[DATA FOR THE TASK]

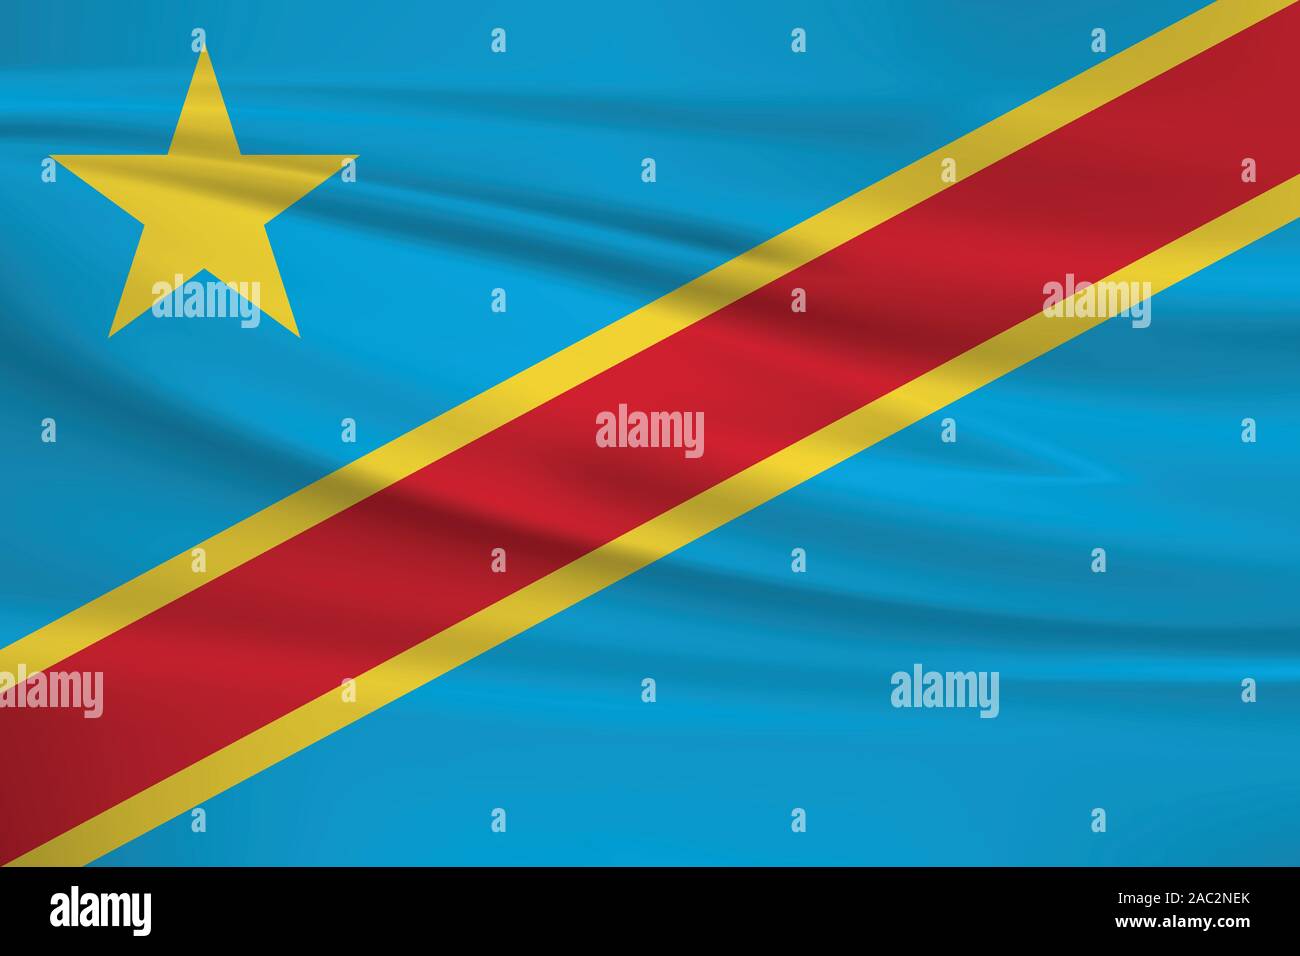 Forme Congo drapeau, couleurs officielles et le ratio exact. Congo drapeau national. Vector illustration. Illustration de Vecteur
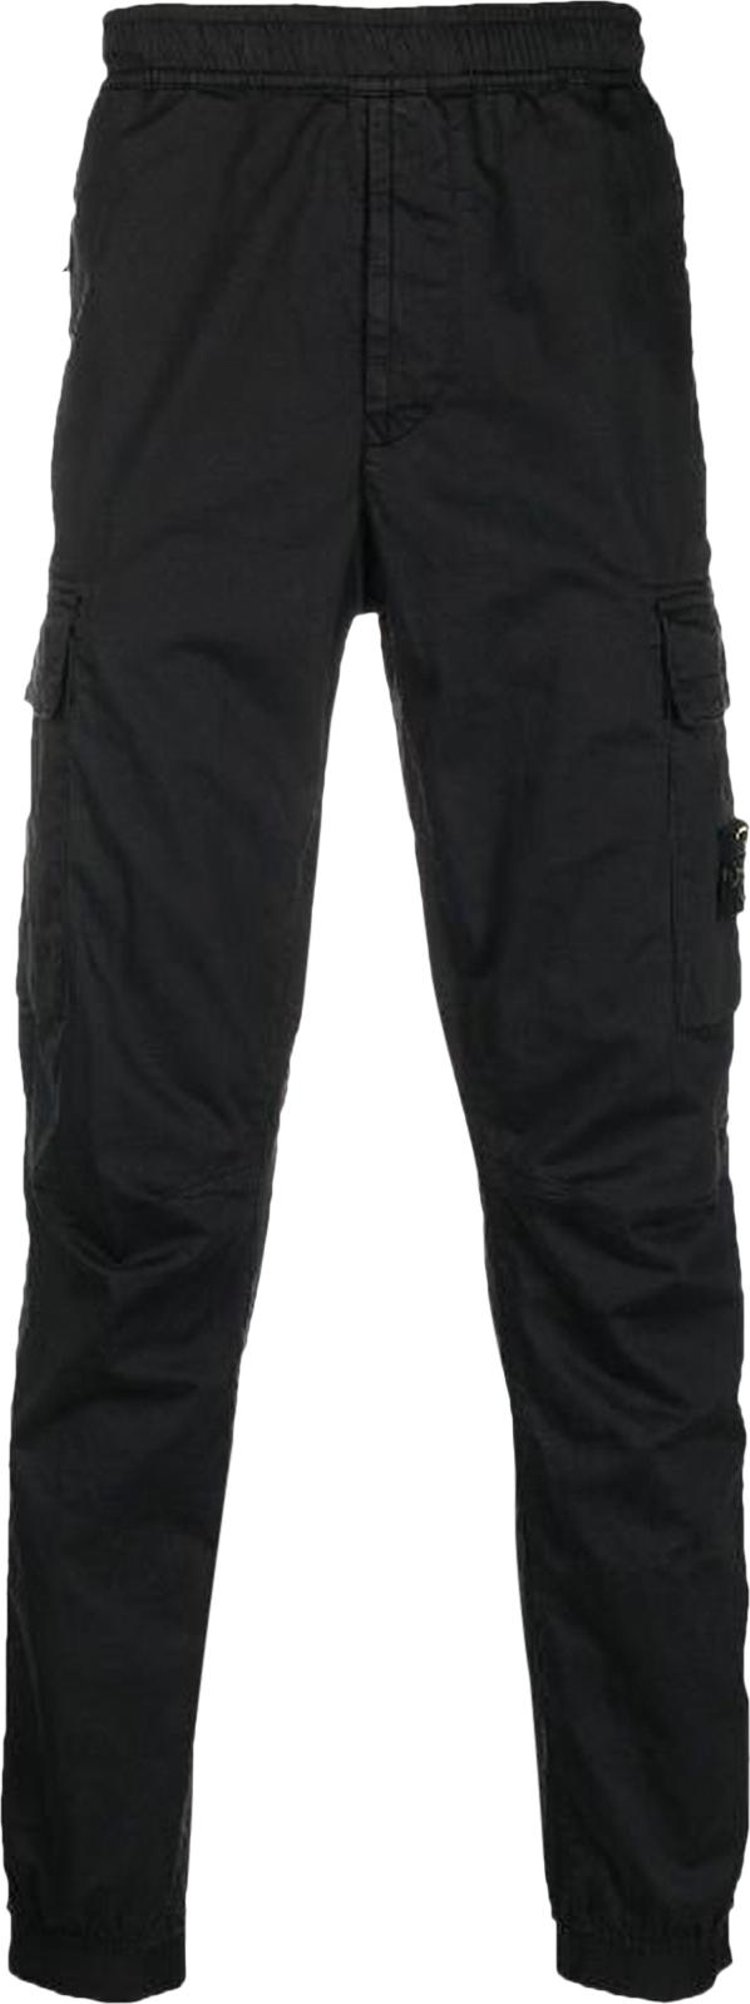 Buy Stone Island Basic Cargo Pants 'Black' - 771531314 V0029 | GOAT
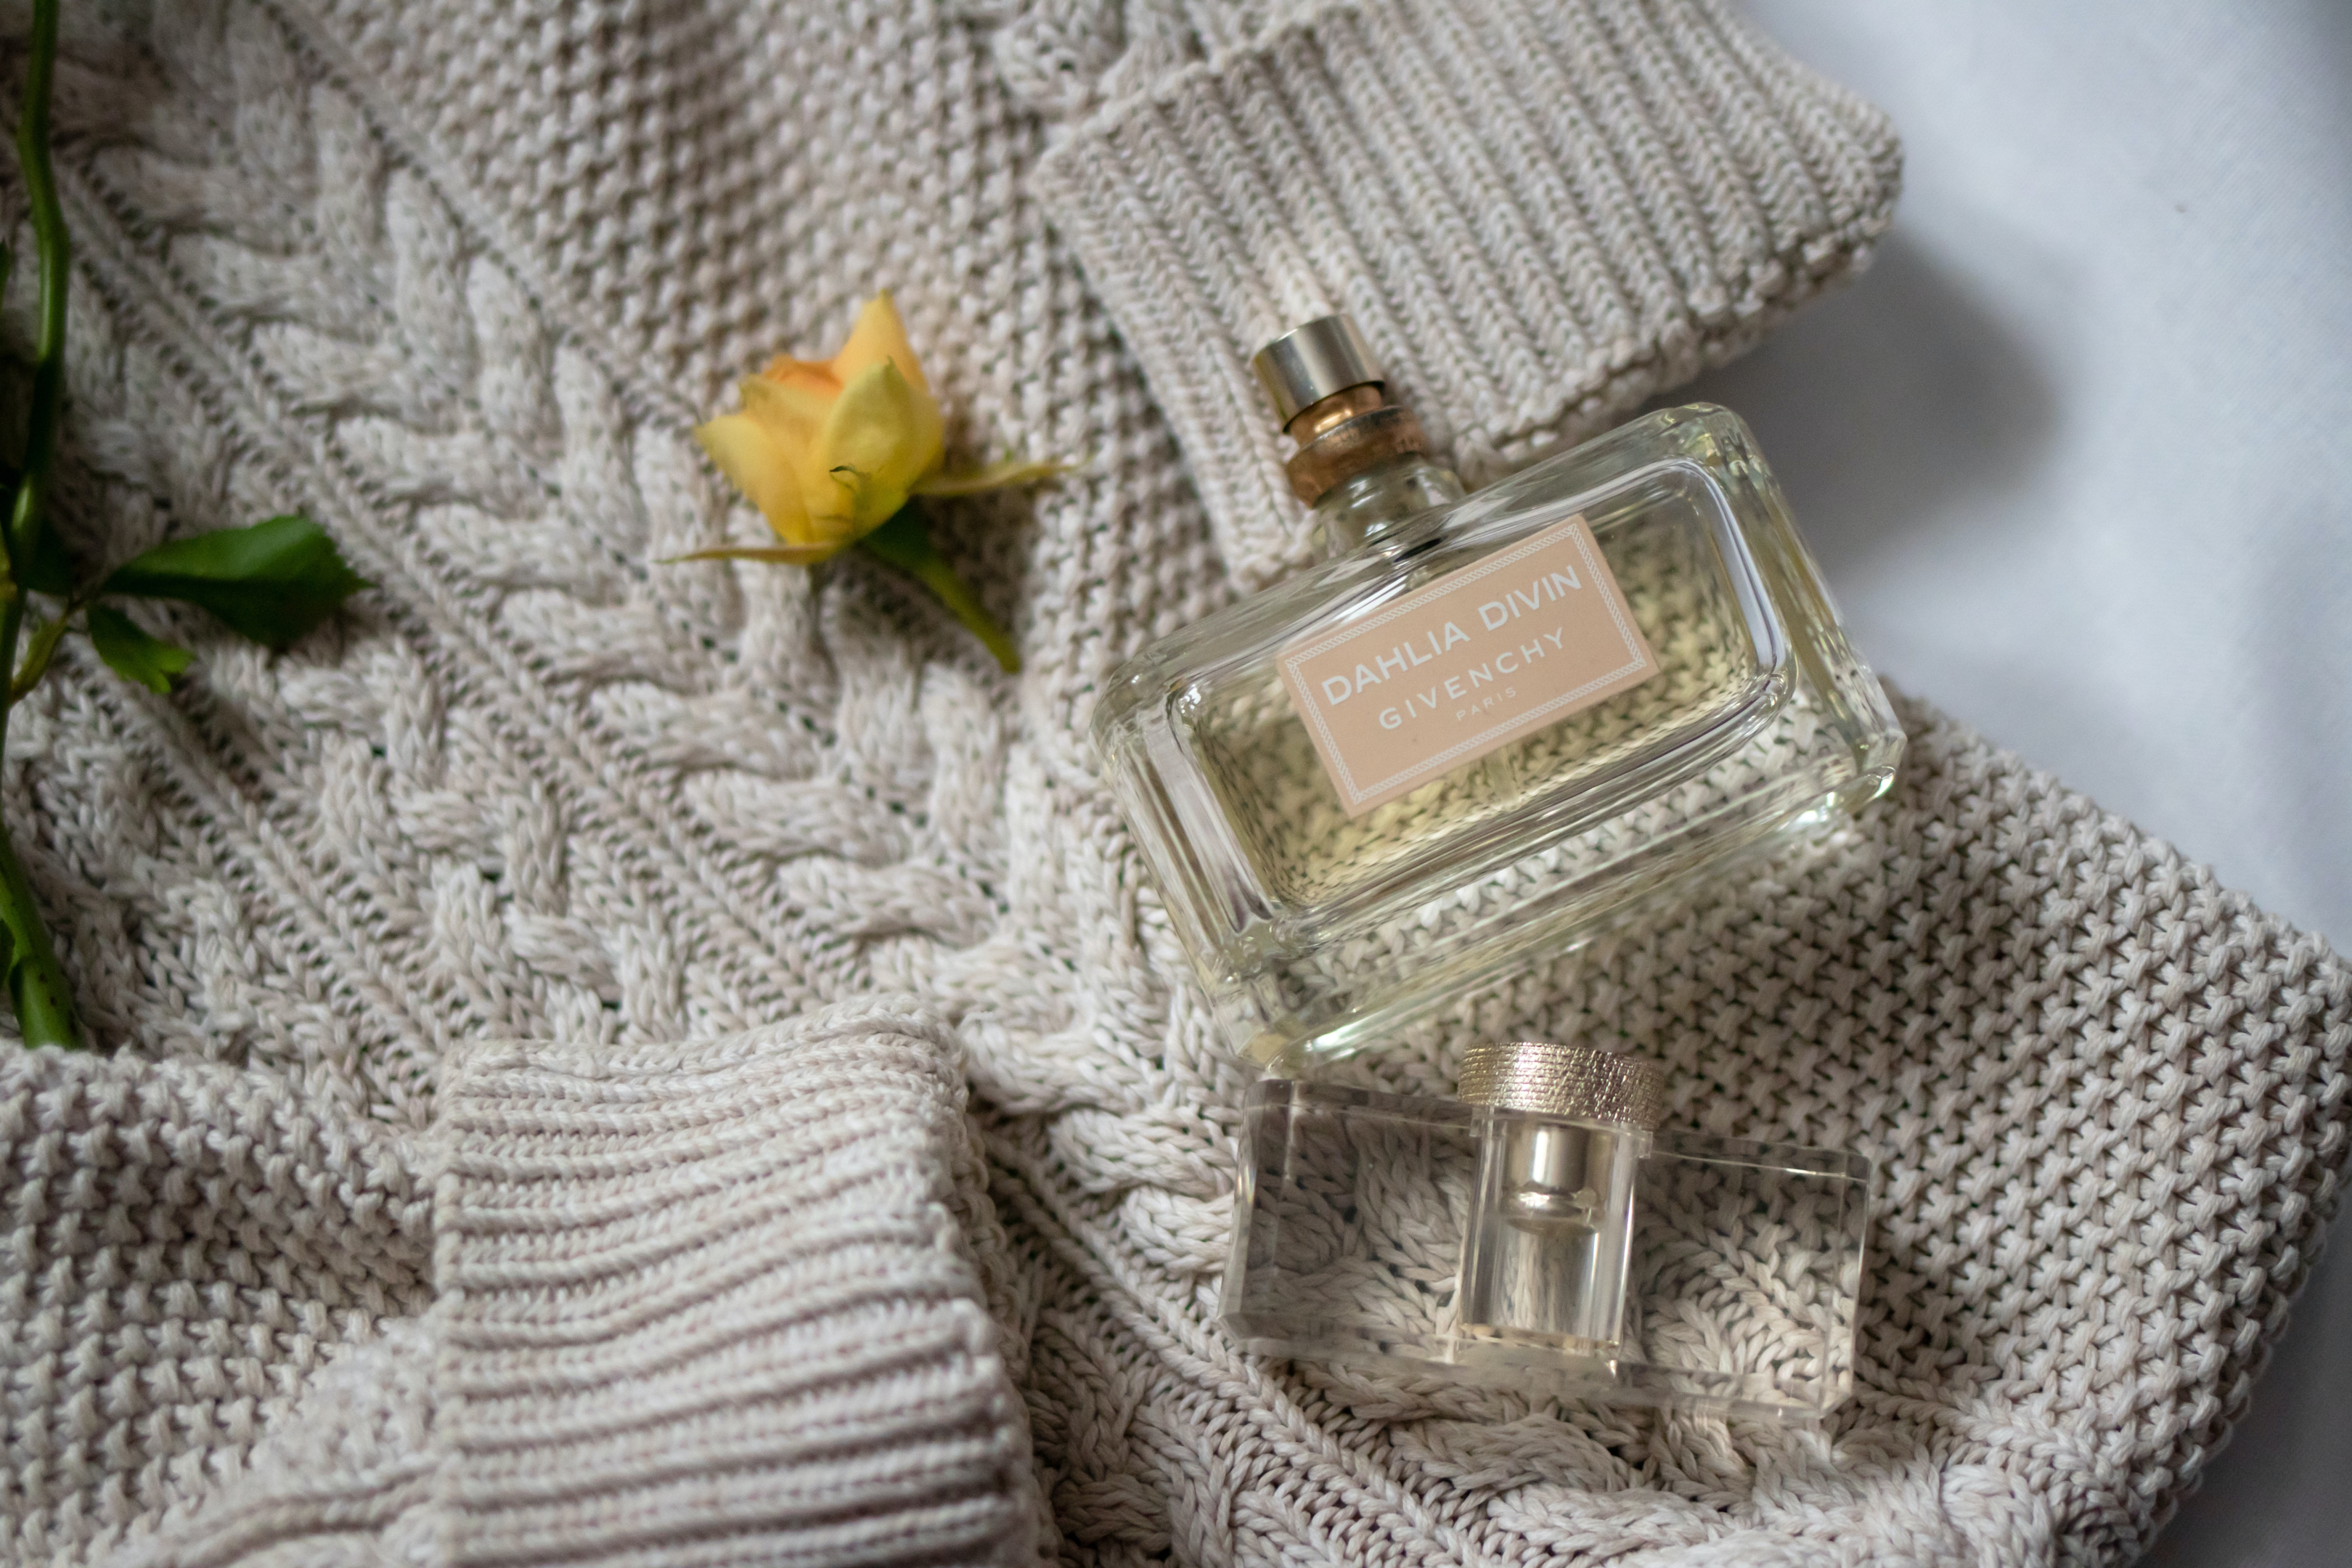  Givenchy's perfume for women aims to celebrate femininity | Photo by Anastasiya Podkorytova from Pexels
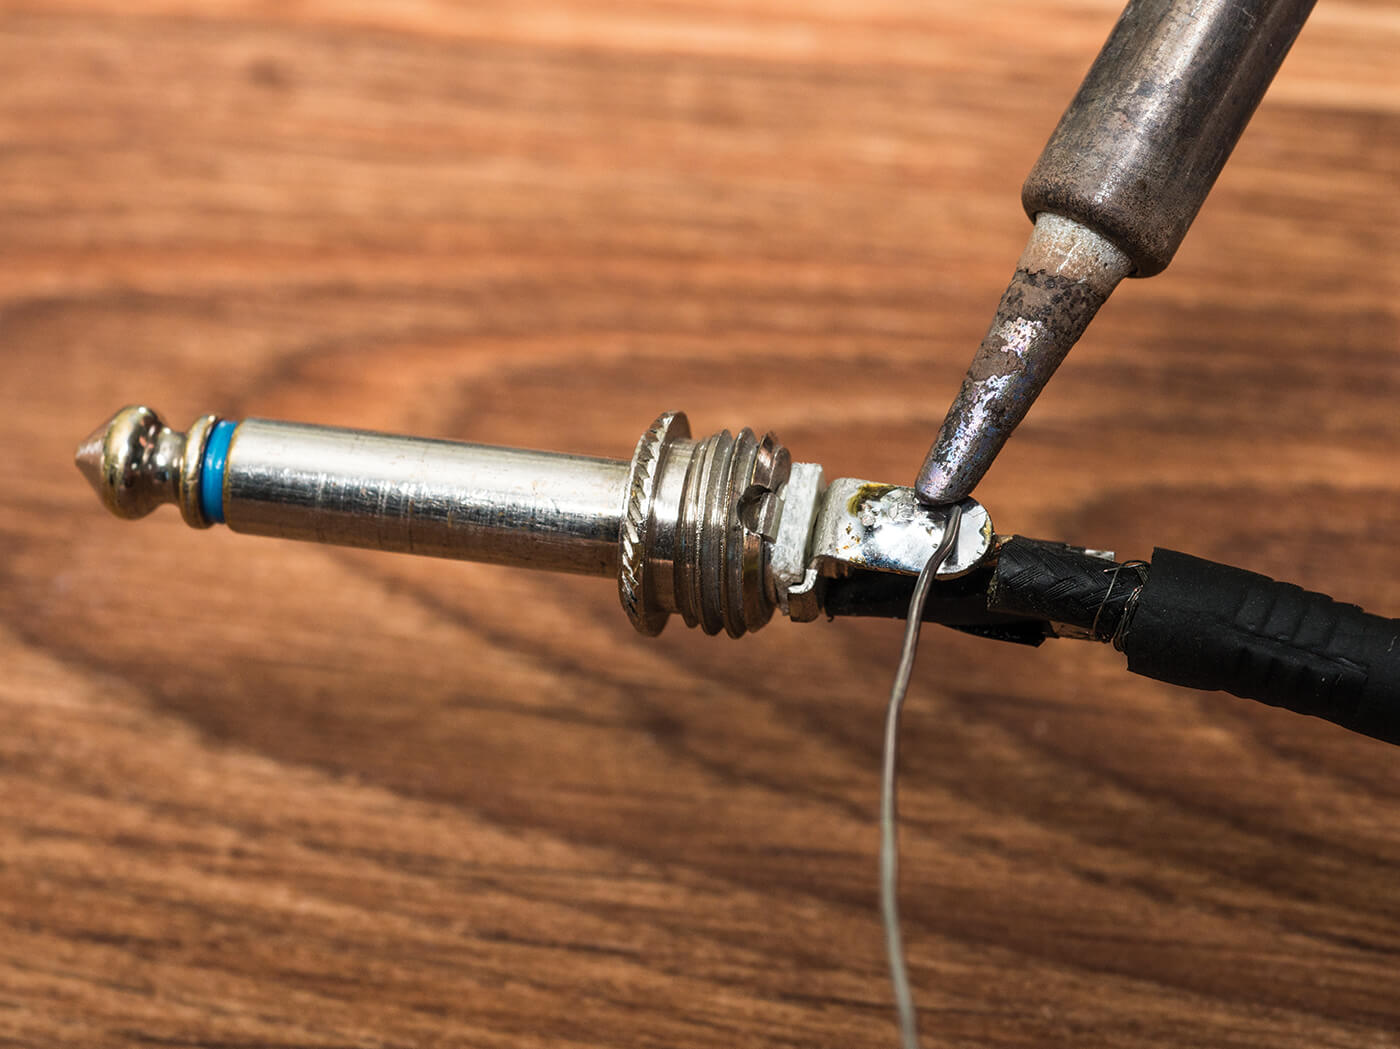 DIY Repairing a jack lead soldering
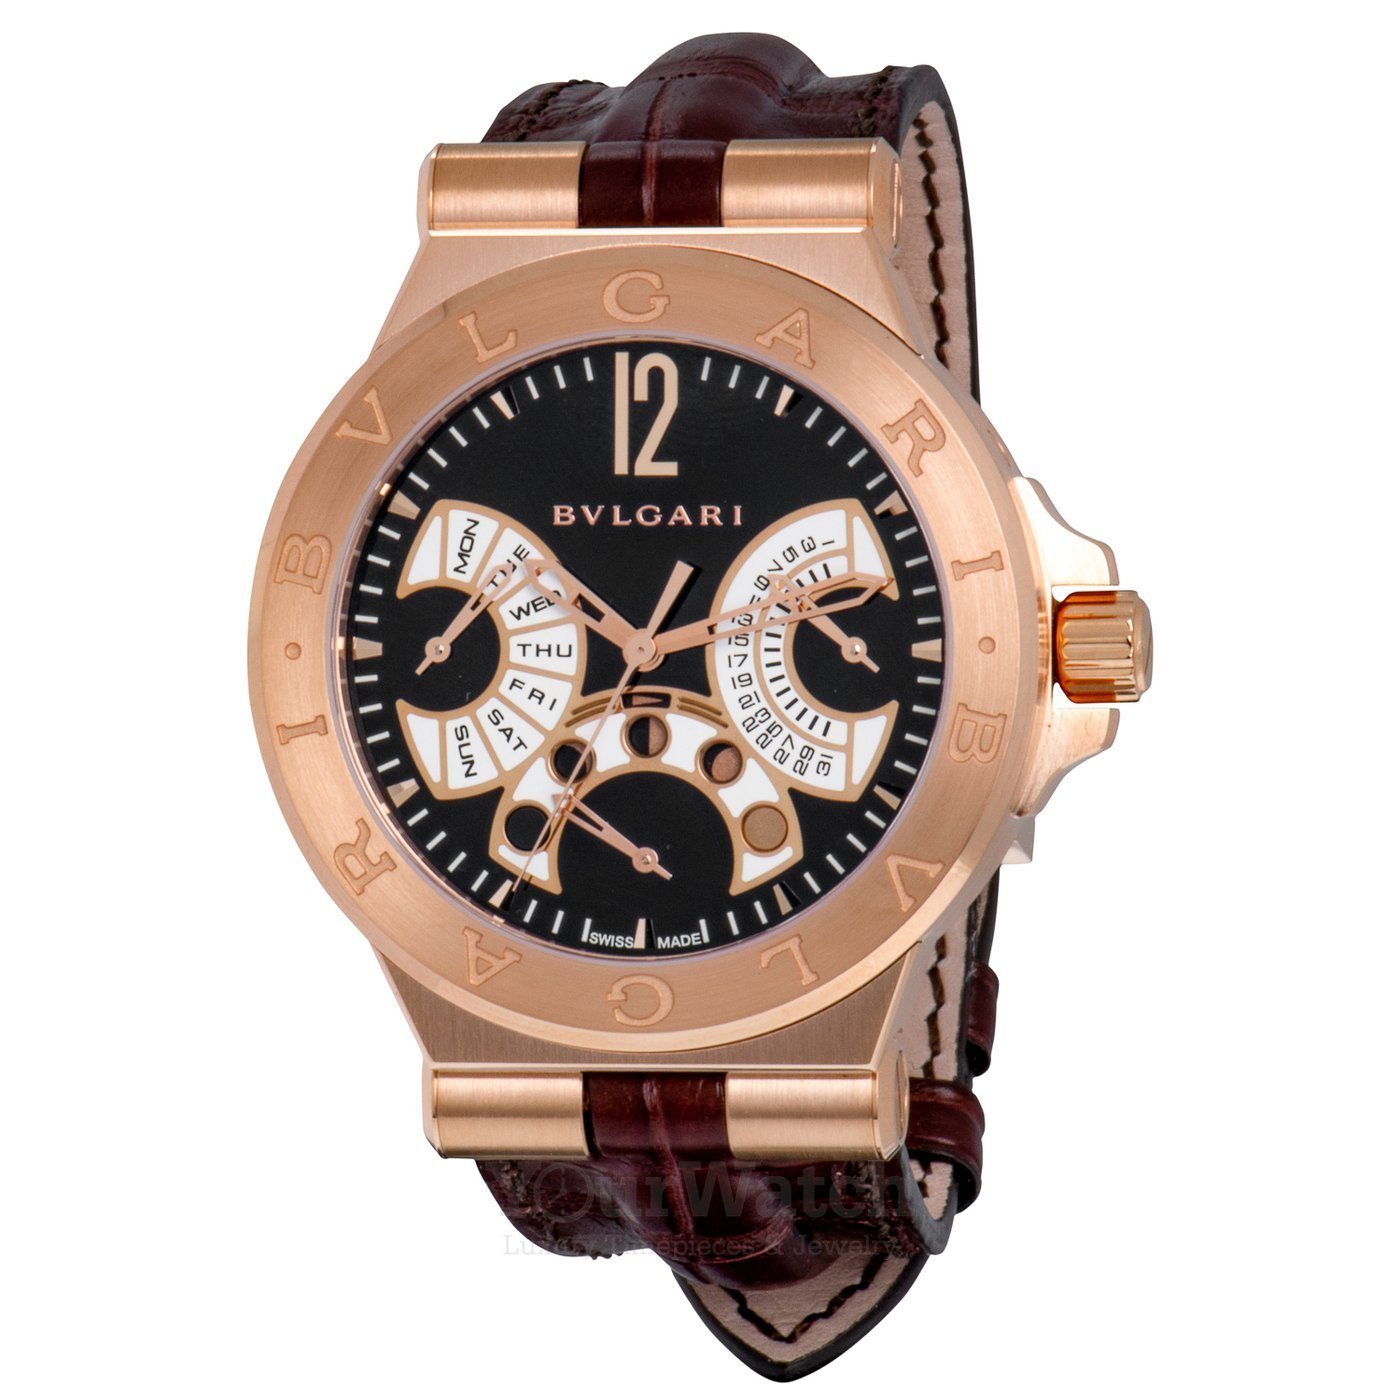 Bvlgari Bvlgari Men's Watch : buy at reasonable cost in Catalog of premium  wristwatches Swiss Watches Inc.

[/DATA FOR THE TASK]

> TASK DIRECTIONS: Write the lines from the one with "Givenchy's perfume for" through the last line of the entries out again exactly, both ends included, and skip the pictures.

> EXERCISE ANSWER:
  Givenchy's perfume for women aims to celebrate femininity | Photo by Anastasiya Podkorytova from Pexels
 DIY Repairing a jack lead soldering
 Bvlgari Bvlgari Men's Watch : buy at reasonable cost in Catalog of premium  wristwatches Swiss Watches Inc.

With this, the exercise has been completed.